What is the curse of plenty in BI and why does it matter for AI adoption?
The 'curse of plenty' describes what happens when self-service BI makes it too easy to spin up dashboards—you get metric sprawl, semantic drift, and multiple versions of truth that are technically correct but contextually incompatible. This becomes critical for AI adoption because AI doesn't reduce complexity when definitions are fuzzy; it magnifies it. Organizations find AI initiatives stall not because models fail, but because the underlying decision systems lack clarity and governance.
How do I know if my BI environment is ready for Decision Intelligence?
Decision Intelligence only works when your BI layer is trustworthy. Key readiness factors include: metrics that don't drift between reports, controlled duplicate content, reliable refresh schedules, and properly scoped access permissions. If these foundations are weak, DI will scale inconsistency rather than insight. Platforms like Datalogz provide DI readiness assessments across governance, reliability, and cost visibility dimensions.
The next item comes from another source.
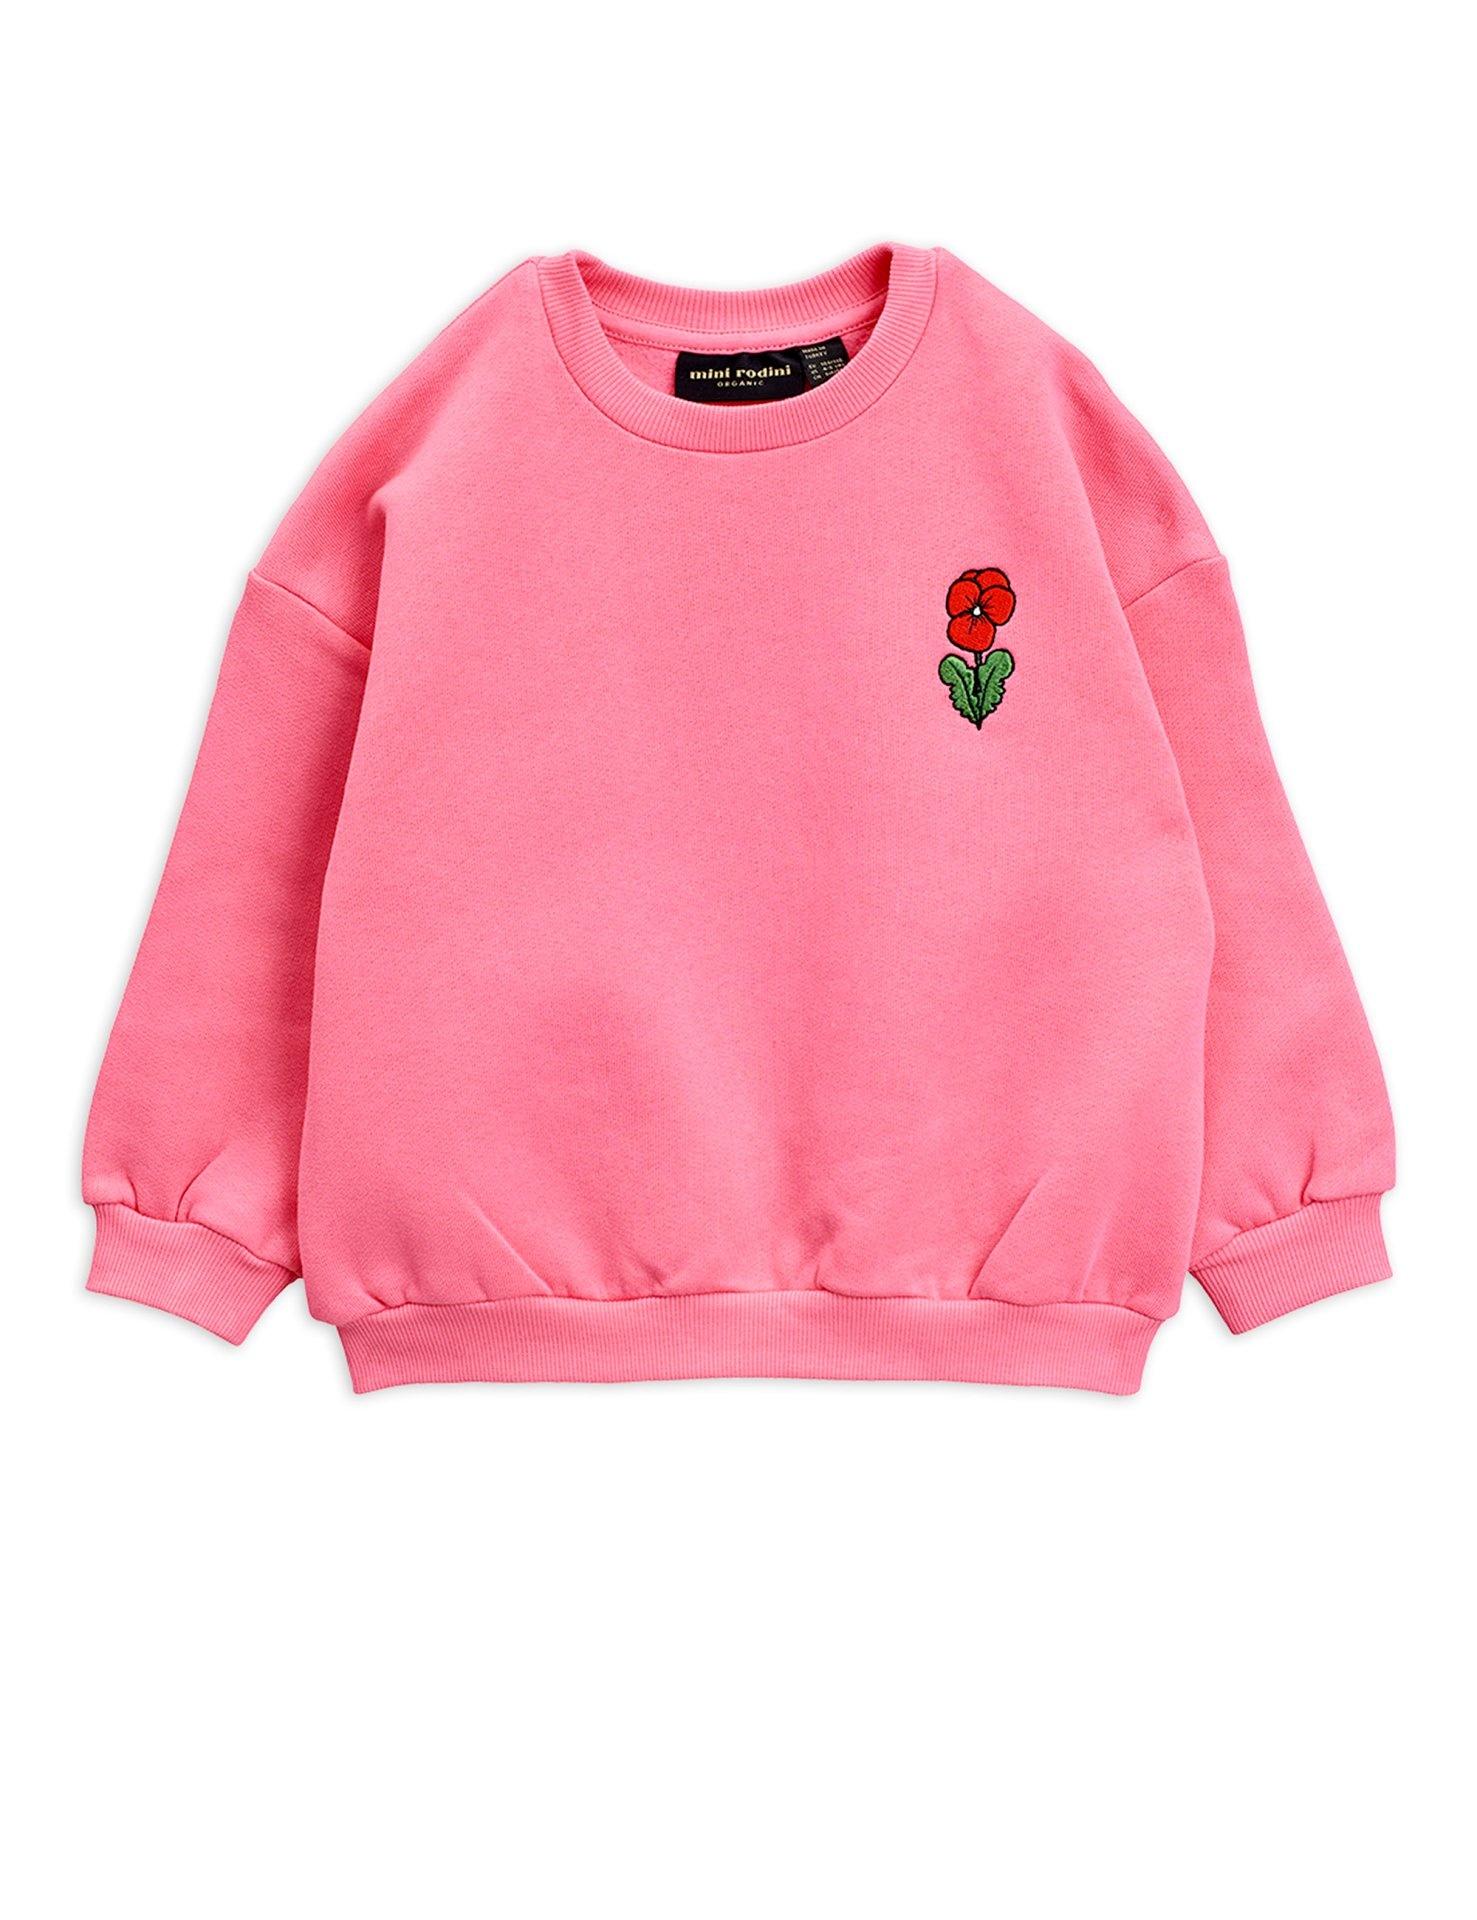 Viola emb sweatshirt - Pink-1

What causes AI initiatives to stall in large enterprises?
AI initiatives typically stall not because models fail, but because organizational decision systems do. The root causes include fuzzy definitions, unclear ownership, and metrics that proliferate without semantic guardrails. According to data leaders at companies like Amazon Pay and Intuit Mailchimp, the real work is building shared understanding at scale across identity, semantics, and decision ownership—not just deploying faster AI models.
How do I reduce dashboard sprawl and metric drift in my organization?
Dashboard sprawl and metric drift occur when teams optimize for output (more reports) instead of outcomes (better decisions). The solution requires governed datasets with semantic clarity, connected context through knowledge bases, and observability tooling that identifies duplicates and unused content. Datalogz has identified over 1.4 million optimization issues across customer BI environments, including governance alerts that surface semantic inconsistencies and redundant assets across more than 720,000 managed BI assets.
What are the practical building blocks for data foundations in an AI-first world?
According to Hari Chidambaram, who has built decision-driven platforms at Amazon Pay and Intuit Mailchimp, AI-ready data foundations require three core components: customer 360 and identity resolution across silos, governed datasets with semantic clarity, and connected context through knowledge bases and knowledge graphs. These aren't buzzword stacks—they're the practical prerequisites that turn governance from bureaucracy into an enablement layer for AI.